Ha ha! Maybe my great-granchildren *might* want to use my MacPro Turbine, but alas, on the 124 and a half year, it has hopelessly failed! :p
 
Which motherboards? I've never heard of passing Display Port over PCIe... The ones I've seen either use on-die GPU (option 1) or a cable (option 2).

Demonstration of the "headless" functionality: http://www.youtube.com/watch?v=O1t7Rc9qFgI

The card in the demo is only connected to the motherboard via PCIe and power. But note that I didn't say "Display Port over PCIe", but "display information". Which is exactly what is being done in that case, using Lucid MVP as the specific technology in order to do it.

The reason to use bridge cables is to avoid clogging the PCIe bus with extra data, especially useful in SLI when the bus is already saturated, or in the case of thunderbolt, to avoid trying to pass a DP signal over PCIe if you want to tap into the card's DP output directly. But it isn't required if you are going to move the frame buffer itself to the integrated GPU which then just flips buffers for you. If you can do this mostly through DMA, you can keep the overhead manageable, and you have to deal with this in some manner via SLI to begin with.

One thing that occurs to mind, is that if you can DMA straight into the integrated graphics' frame buffers, it wouldn't be too bad at all. You'd need to do a little management of the DMA at the driver level, but otherwise your overhead would be pretty low (although at the cost of a little latency).

Considering Apple's GPU firmware is already custom at this point, doing a couple tweaks to reduce overhead of using the integrated GPU as the frame buffer in an SLI situation wouldn't be terribly surprising to me. PCIe 3.0 also provides a bit more buffer to prevent the overhead from becoming an issue (and lessening the need for an SLI bridge cable).
 
Demonstration of the "headless" functionality: http://www.youtube.com/watch?v=O1t7Rc9qFgI

The card in the demo is only connected to the motherboard via PCIe and power. But note that I didn't say "Display Port over PCIe", but "display information". Which is exactly what is being done in that case, using Lucid MVP as the specific technology in order to do it.

The reason to use bridge cables is to avoid clogging the PCIe bus with extra data, especially useful in SLI when the bus is already saturated, or in the case of thunderbolt, to avoid trying to pass a DP signal over PCIe if you want to tap into the card's DP output directly. But it isn't required if you are going to move the frame buffer itself to the integrated GPU which then just flips buffers for you. If you can do this mostly through DMA, you can keep the overhead manageable, and you have to deal with this in some manner via SLI to begin with.

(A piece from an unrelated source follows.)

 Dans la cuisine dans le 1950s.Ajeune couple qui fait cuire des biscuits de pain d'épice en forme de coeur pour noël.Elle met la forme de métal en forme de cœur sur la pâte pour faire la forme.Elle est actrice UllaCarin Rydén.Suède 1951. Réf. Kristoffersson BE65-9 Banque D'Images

One thing that occurs to mind, is that if you can DMA straight into the integrated graphics' frame buffers, it wouldn't be too bad at all. You'd need to do a little management of the DMA at the driver level, but otherwise your overhead would be pretty low (although at the cost of a little latency).

Considering Apple's GPU firmware is already custom at this point, doing a couple tweaks to reduce overhead of using the integrated GPU as the frame buffer in an SLI situation wouldn't be terribly surprising to me. PCIe 3.0 also provides a bit more buffer to prevent the overhead from becoming an issue (and lessening the need for an SLI bridge cable).

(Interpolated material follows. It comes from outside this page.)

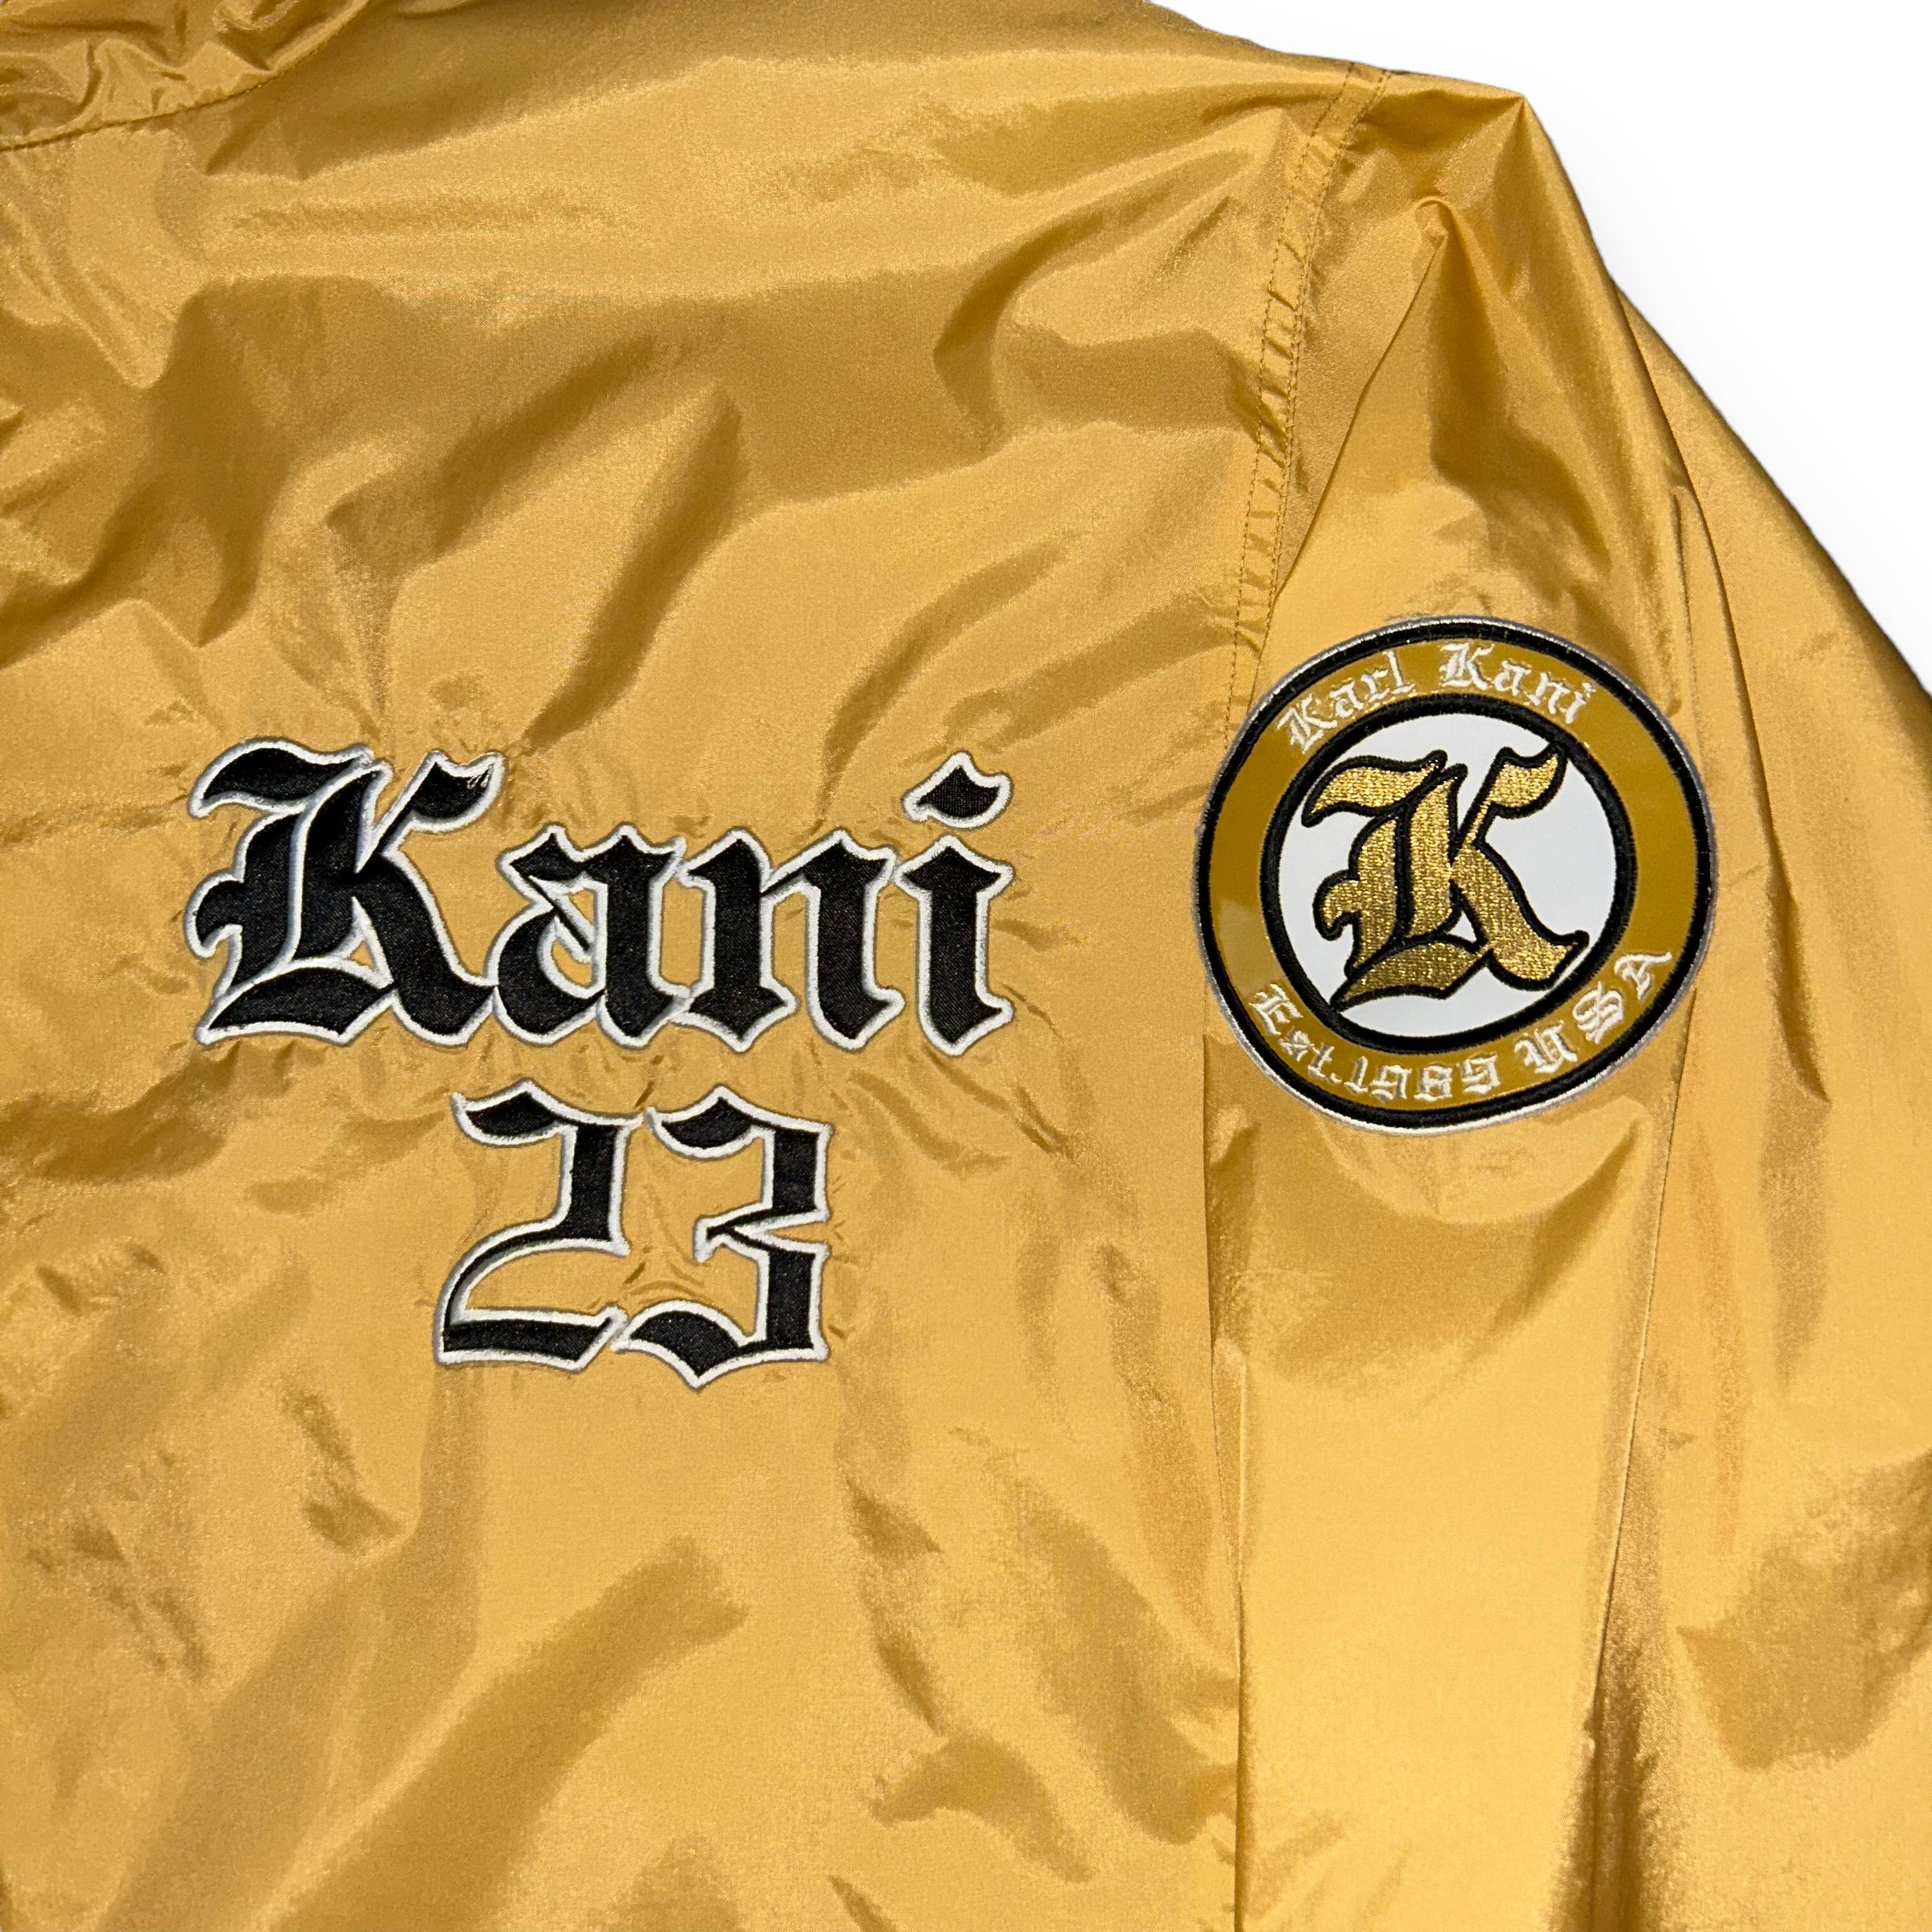 Karl Kani Bronx Vintage Suit (XL)

Yeah, this has come up before... but it's a software kludge... AND it requires an IGP on the CPU for the frame buffer remapping. It's simply not possible on a Xeon without an IGP.
 
Hey all!

I couldn't seem to locate the answer to this question: The new MacPro will have dual PCI-e GPUs, but is this a custom, proprietary slot? What is the likelihood of being able to purchase a third party card that will work? (drivers aside) Is Apple shooting themselves in the foot again by trying to create their own "standards" for things?

The pin-out for the card is identical with no differences whatsoever to the current PCI express 3 standard. The only thing that Apple changed was the CONNECTOR, so that they could squeeze everything into a smaller footprint, a 1 dollar cable will easily let you add any video card you could ever want to the system, driver's aside.
 
Yeah, this has come up before... but it's a software kludge... AND it requires an IGP on the CPU for the frame buffer remapping. It's simply not possible on a Xeon without an IGP.

Which is fair to point out. I do wonder how they would handle a proprietary connector if they are doing SLI bridging or DP output over the connector. It's a fair number of pins to bring out 3 DP outputs from a single card.
 
Or option 3) You run the display information over PCIe to the thunderbolt port. This is how the current crop of thunderbolt motherboards do it.

If you do that, you don't really need external connectors for the PCIe GPU, which is what Apple has done. I'd bet that the connection to the mobo is still a standard PCIe pin-out, with a custom board layout to fit the case.

This is only possible if the CPU has an integrated GPU on it. The new Xeons likely wont have this, so it's impossible.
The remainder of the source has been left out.